I’m inspired by your commitment to personal notes—really a lost art.
There is something very unique and special about noticing and appreciating those in our lives..It was a thrill to receive your handwritten note.
WOW, I just got a wonderful letter from you!! Thank you for the thank you!! It is letters like yours that make it all worthwhile.
These were just a few comments I received during my journey in May 2012 to handwrite a note card or letter every day for one year. I was reminded of my personal challenge earlier this month as I took pen to paper while sitting at my desk composing note cards to new professional colleagues I had recently met and a fellow staff member I had not seen in years.
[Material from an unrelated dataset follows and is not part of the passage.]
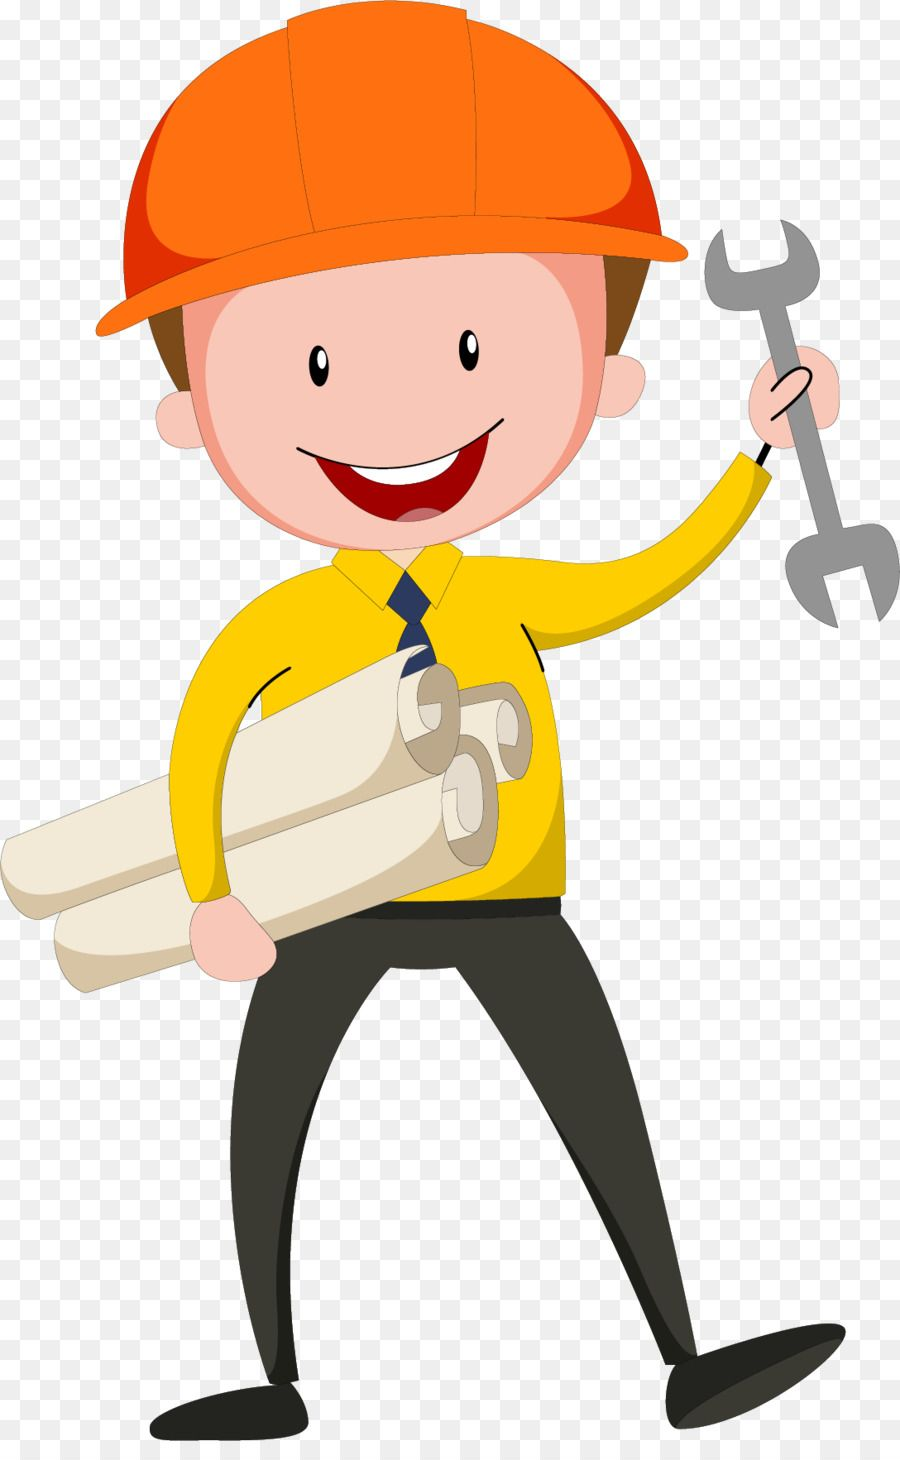 Helmet clipart civil engineer. Engineering design wearing a
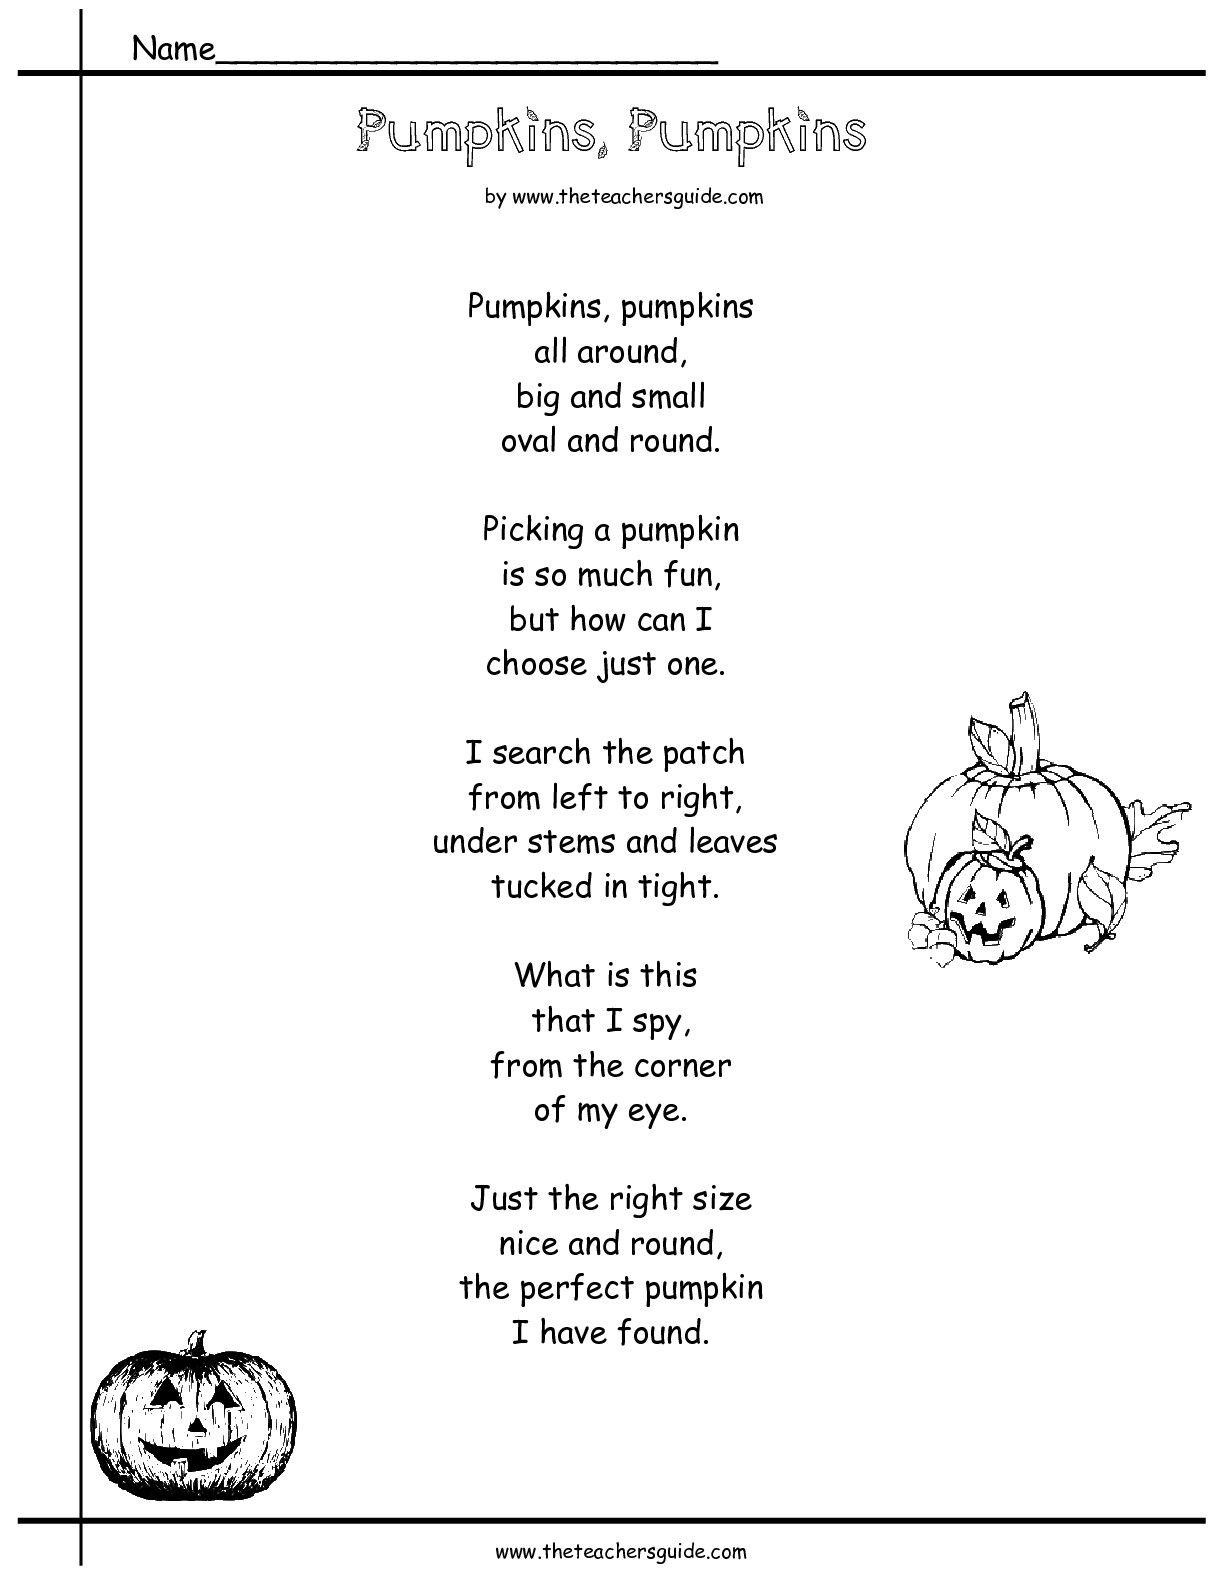 Pumpkinspumpkinspoem 001 001 Jpg 1 224 1 584 Pixels Poetry Comprehension Worksheets Poetry Comprehension Comprehension Worksheets

In my original project, I was inspired by the book, “365 Thank Yous: The Year a Simple Act of Daily Gratitude Changed My Life.” The book is by John Kralik. At the time he was an overweight lawyer with a failing firm, who had been twice divorced, and had no relationship with his grown children. In the book he described his goal of writing 365 thank you cards in a one-year period as a way to change his rather downtrodden life. By examining what he had to be thankful for—no matter how big or small—he hoped to transform his outlook on life and, possibly, change for the better. The process to achieve this goal was through the writing of thank you cards. [Spoiler alert: he did turn his life totally around.]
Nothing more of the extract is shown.